Oddly, the filmmakers chose not to include any scenes in which Graham confers with deputy editorial page editor Meg Greenfield (Carrie Coon). Although the two were good friends, and Greenfield was influential in Graham’s evolving confidence, the viewer would never know it from a movie that instead includes more than a few soft-focus interludes with Graham at home with her daughter Lally (Alison Brie), worrying about the family legacy she carries, and which she might be sending to its finest – or irrevocably fatal – hour.

Those scenes demonstrate how Spielberg plays up the personal, professional and political stakes with efficiency and legibility, but in ways that occasionally risk spilling over into obviousness. He and longtime cinematographer Janusz Kaminski have brightened up their usual palette of pale blues and grays to give “The Post” welcome warmth, but they often swirl the camera into circles to cover up for otherwise static, speechifying scenes.

And, as he so often does, the director tacks on an extra ending for the benefit of the cheap seats that always come first in his calculations, subtlety be damned. And subtlety is damned, for eternity, in John Williams’ shamelessly manipulative score.

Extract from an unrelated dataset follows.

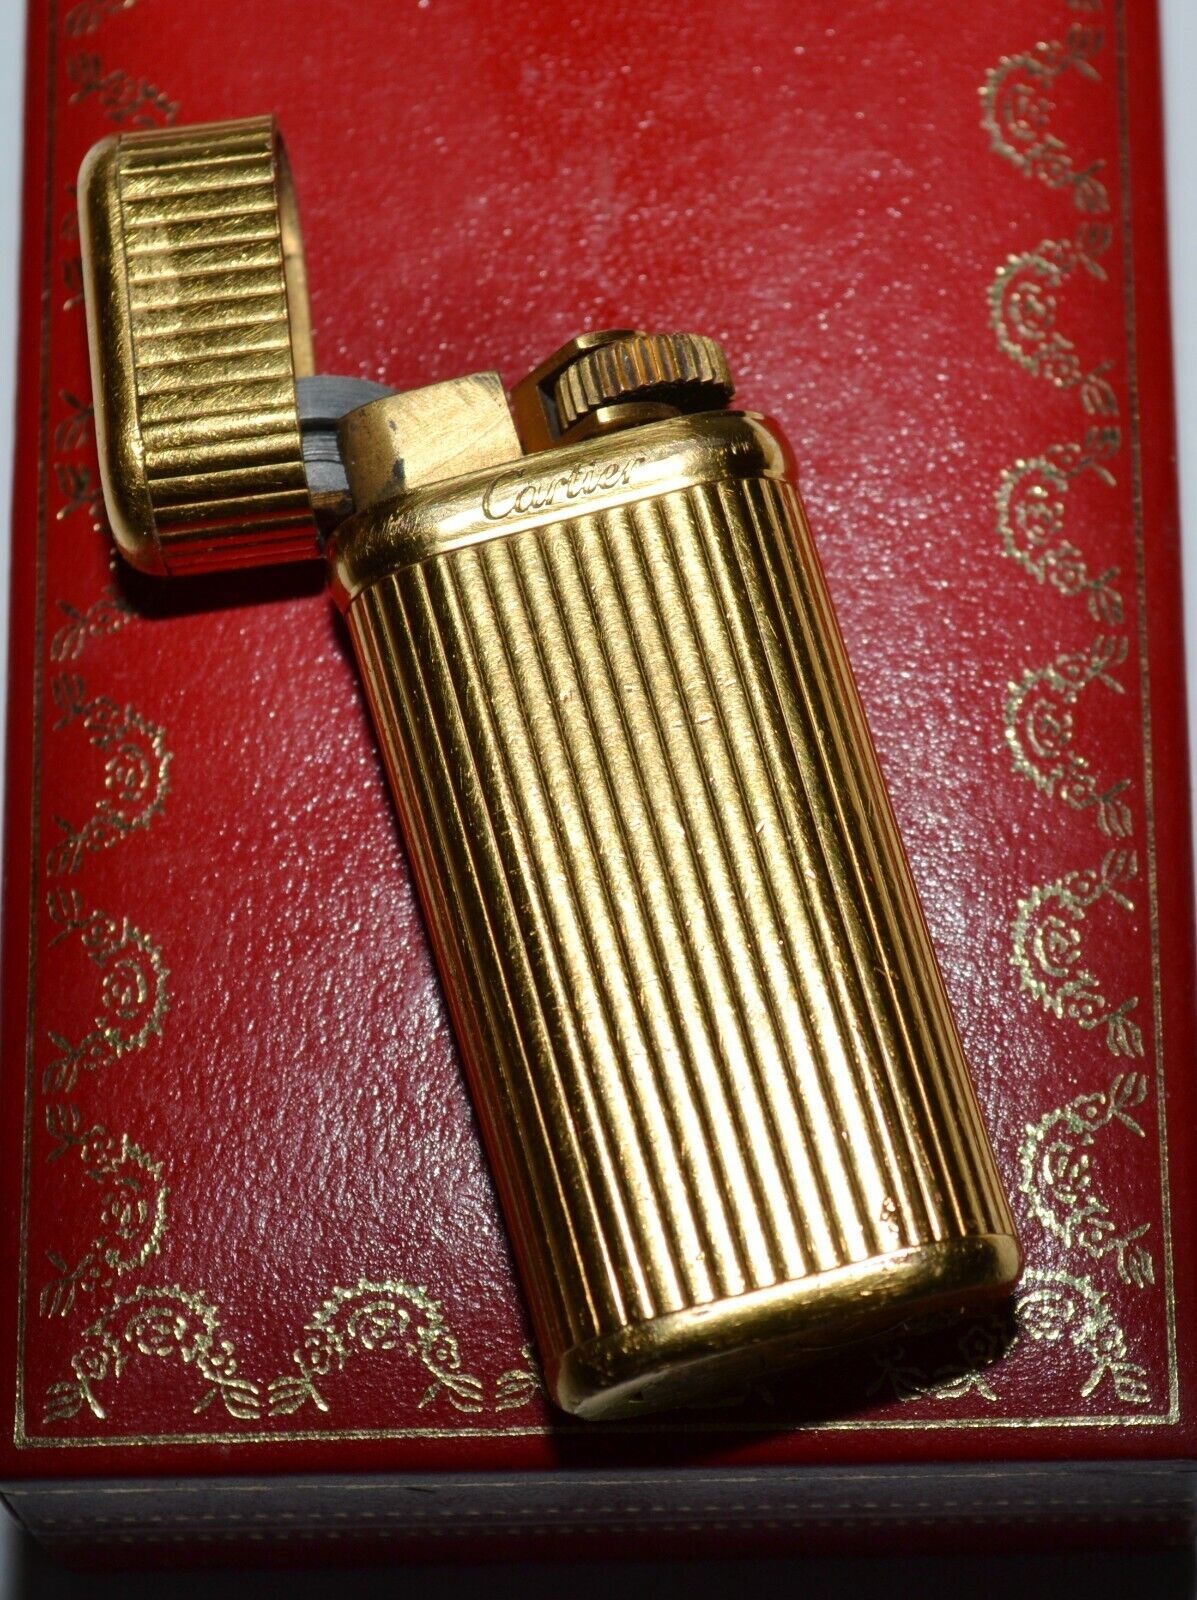 CARTIER LIGHTER GOLD PLATED SMALL OVAL LE MUST DE CARTIER FULLY WORKING VINTAGE

Still, that instinctive sense of what it takes to connect with a mass audience – so often snobbily dismissed as “middlebrow” – is precisely what distinguishes Spielberg as an artist, and it allows “The Post” to go for broke with such unselfconscious energy, feeling and, every so often, sheer beauty. And in fairness, sometimes what seems like overkill is backed up by the facts: If Bradlee’s young daughter Marina setting up a lemonade stand at a crucial juncture strikes some filmgoers as folksy to a fault, they should know that it really happened that way.

It’s up to individual viewers to decide the present-day relevance of a story in which a touchy, overweening president can be heard going after a newspaper he deems a personal enemy – “The Post” includes snippets from the actual Nixon tapes – or in which a working woman encounters endless, patronizing slights and condescension, only to come into her own with admirable, self-effacing resolve. But few will be immune to the romance that lies at the center of a movie that takes as much delight in pneumatic tubes, linotype machines and telexes trailing like bridal veils as it does in temperamental opposites finding common purpose in the institution to which they’re both truly, madly and deeply devoted.

“The Post” works on many levels, from polemic and thinly veiled cautionary tale to fun period piece and rip-roaring newspaper yarn. But at its most gratifying, it’s a love story, from the lede to the kicker.